The Dunedin Central by-election of 1915 was a by-election during the 19th New Zealand Parliament held on 3 February in the Dunedin Central electorate. The by-election was sparked by the resignation of the incumbent, Charles Statham, after irregularities in the counting of the vote during the 1914 general election turned a 10-vote lead for his competitor Jim Munro into a 12-vote loss. There were only two nominees.

==Background==
On election night 1914 Jim Munro had a provisional lead of one vote in Dunedin Central. Due to the closeness of the polling there were several re-counts of the ballots which took many days. To general surprise the final magisterial re-count resulted in the seat being awarded to Charles Statham by a 12 vote margin. It was soon revealed however that this was due to a "careless" polling clerk scribbling notes and numbers on ballot papers (rather than counterfoil). All affected ballot papers just happened to be votes for Munro and were thus declared void. If included the 22 disqualified votes would have resulted in a 10 vote final victory for Munro.
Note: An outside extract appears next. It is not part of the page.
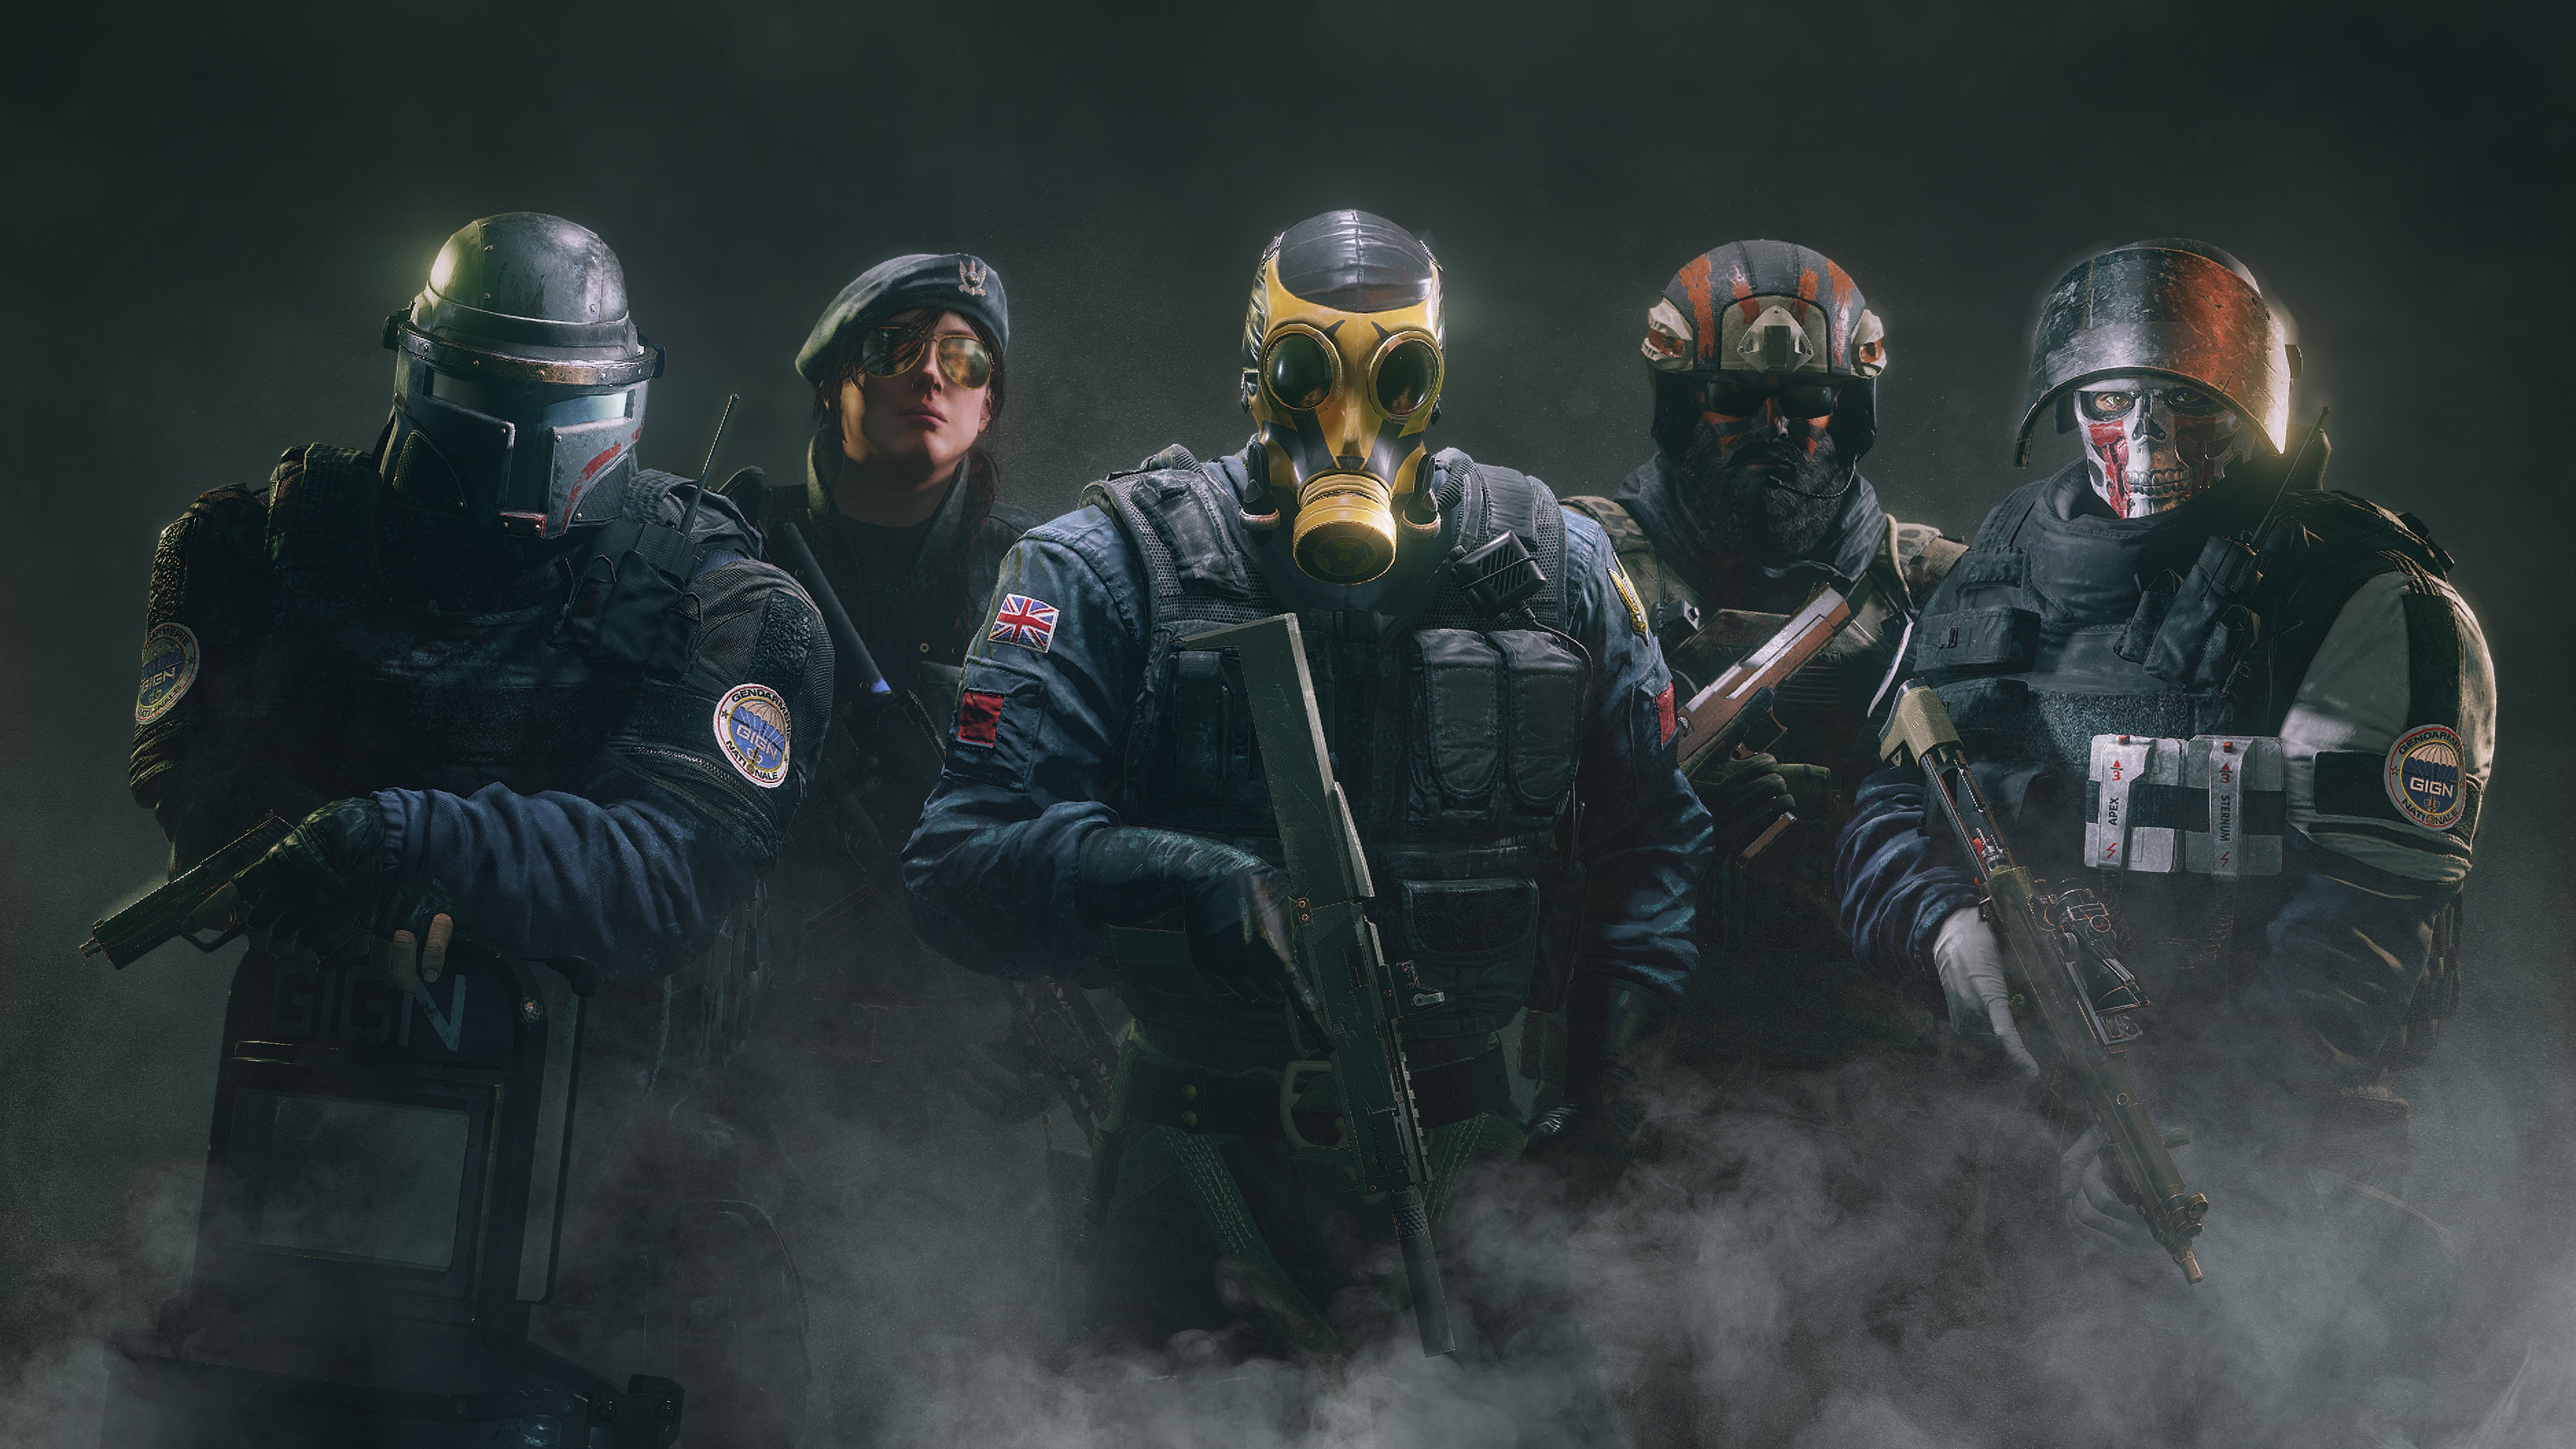 Tom Clancy's Rainbow Six: Siege Wallpaper

Under the circumstances Statham felt honour bound to resign the seat, though he was in no way obligated to do so. He did and thereby triggered a by-election. The Reform government had a bare minimum majority and therefore much was at stake. As a result the Liberal Party did not contest the election and its leader Sir Joseph Ward actively toured the electorate to encourage the electors to vote for Munro. In the event of a Labour victory it was conceivable for Ward to form a minority government with Labour support.

==Results==
The following table gives the election results:

1915 Dunedin Central by-election
| Party |  | Candidate | Votes | % | ±% |
|---|---|---|---|---|---|
|  | Reform | Charles Statham | 4,033 | 50.67 | +0.59 |
|  | United Labour | Jim Munro | 3,926 | 49.33 | −0.62 |
| Informal votes |  |  | 11 | 0.13 | −2.53 |
| Majority |  |  | 107 | 1.34 | +1.18 |
| Turnout |  |  | 7,959 | 84.55 | +2.97 |
| Registered electors |  |  | 9,413 |  |  |

===Results by locality===
Following table showcases the detailed results by locality by ballot location:

| Locality | Statham (Reform) |  | Munro (ULP) |  | Winner |
| Votes | % | Votes | % |
| Baptist Hall | 200 | 48.54 | 212 | 51.46 | Munro |
| Berwick's Store | 192 | 55.98 | 151 | 44.02 | Statham |
| Caversham | 153 | 40.58 | 224 | 59.42 | Munro |
| Council Chambers | 630 | 59.15 | 435 | 40.85 | Statham |
| Green Island Church | 66 | 33.84 | 129 | 51.16 | Munro |
| High Street School | 191 | 79.91 | 48 | 20.09 | Statham |
| Kirkland Hall | 256 | 39.26 | 396 | 64.64 | Munro |
| Methodist Church | 146 | 60.08 | 97 | 39.92 | Statham |
| Odd Fellows' Hall | 150 | 26.64 | 413 | 73.35 | Munro |
| Old Council Chambers | 152 | 51.17 | 145 | 48.83 | Statham |
| Russell Street | 251 | 56.27 | 195 | 43.73 | Statham |
| Victoria Hall | 819 | 46.45 | 944 | 53.55 | Munro |
| Walker Street | 629 | 58.45 | 447 | 41.55 | Statham |
| Absentees & Seamen | 186 | 64.58 | 102 | 35.42 | Statham |
| Total | 4,033 | 50.67 | 3,926 | 49.33 | Statham |

==Aftermath==
As a result of Statham's victory, the government retained its scant 41:39 majority, allowing them to continue in office. At the next general election in 1919 Statham once again defeated Munro. Statham was to remain MP for Dunedin Central until he retired at the 1935 general election. Munro won election to Parliament at another by-election in 1922 for the neighboring seat of Dunedin North.